Re: being forced into divorce My family hates my husband and he hates them
Thanks for your post Elegirl. It makes me look at where my family is coming from . My Husband has made allot of changes since we got married and I have been an idiot telling them all the bad and none of the good making him look like a monster. Your right I need to stop acting like a dependant child. But there is allot more to the story then just this. My family has made no effort ever.
I am and will forever be the outcast. If there were problems in the house no matter if I was there or not they were all my fault. I have been kicked out so many times for nothing it is crazy (this is before my marrige)
They resented me for leaving and getting married and would call me to do things for them all the time. If I said no then they wouldnot talk to me for weeks and would never come to visit. I would have to go there, My husband always told me that he was number 2 in my life.
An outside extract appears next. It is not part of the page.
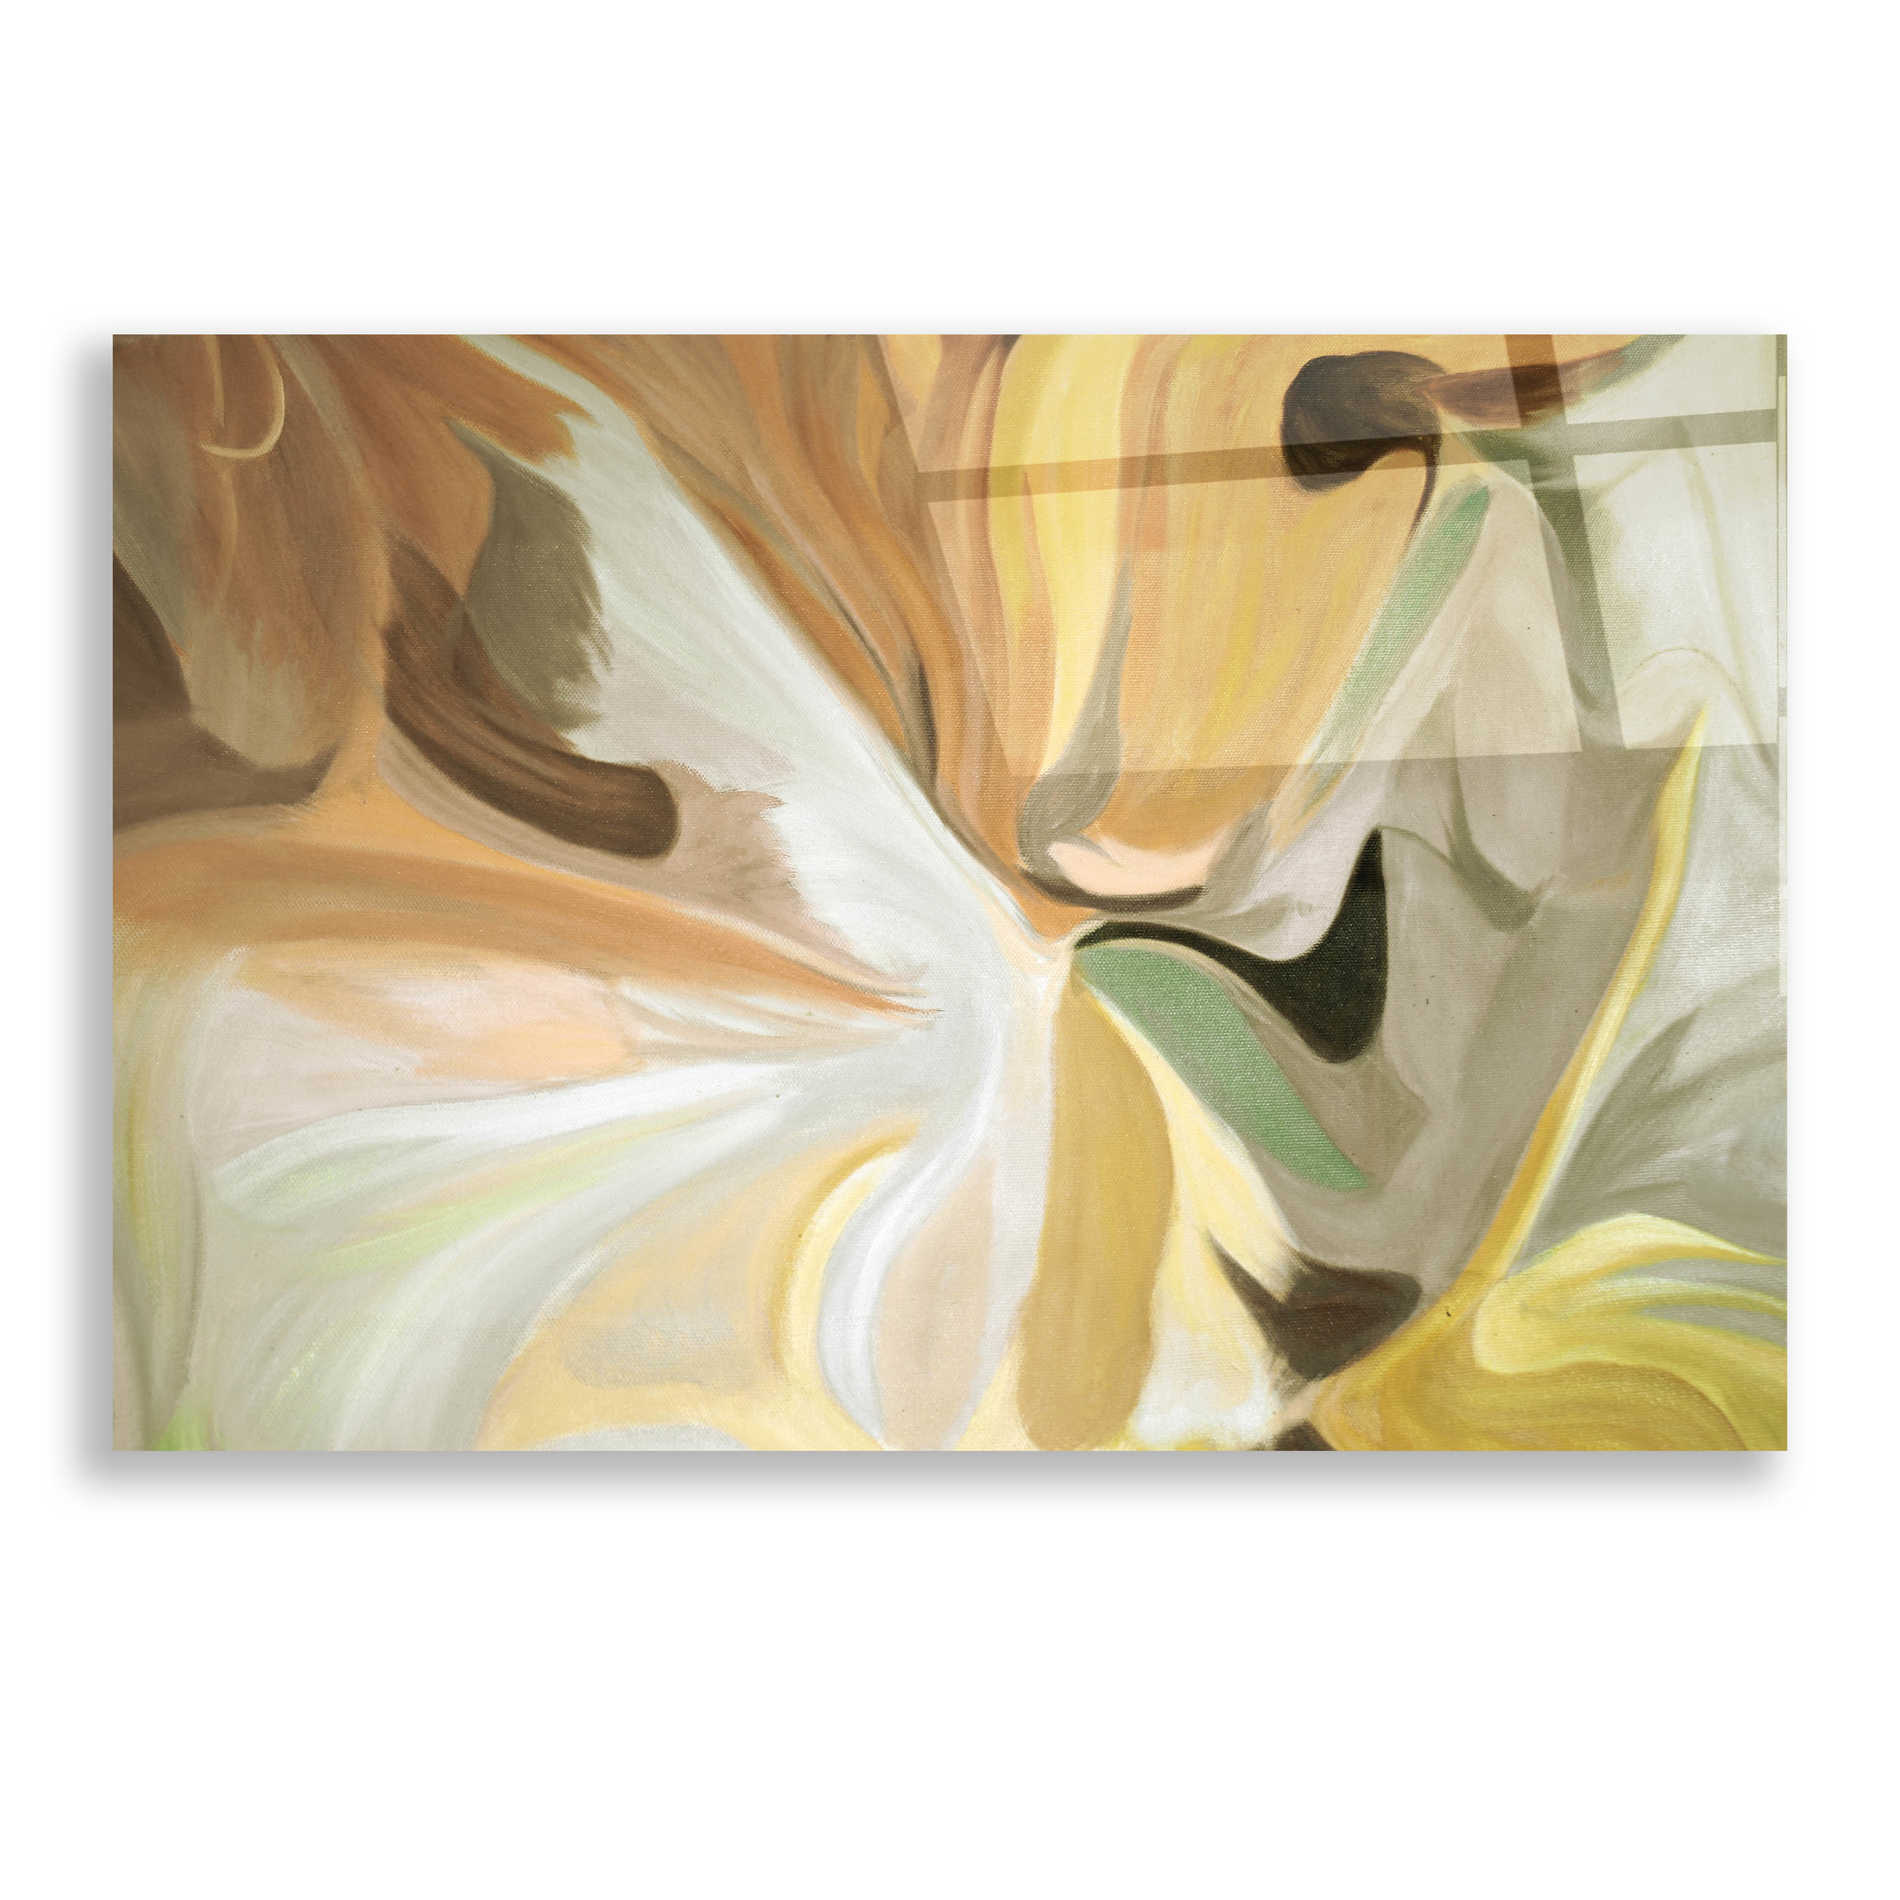 Epic Art 'Notes of Elegance 7' by Irena Orlov, Acrylic Glass Wall Art,24x16

I am not bashing them, I love them with all my heart but they will never allow me to have my own life. More times then I can count I have been there for them when they needed me, so why is it so hard for them to do the same. Why cant they just let me try and figure things out without making it about them. Why cant anything ever just be about what I need.
I have worked all my adult life and supported other family members and never said a word(I still wont i didnt do it so people would reconize me for it I did it becuase I love them) But the minute that I need some help I have to be made to feel like a piece of **** for it? Who tells there daughter that they spent money to come see her in the hospital so why was her husband there? Who does that? Who said one minute that if he comes to the hospital there is hope and then when he does and stays with me I am a dumb ***** for having him there? What kind of mind games are they playing? I am sorry for the angry post, its just killing me I would never ever make them feel guilty for visiting them when I am sick, or tell them they are stupid for having there husband there seperated or not when they are scared that something horrible is happening to them because it made them feel akward.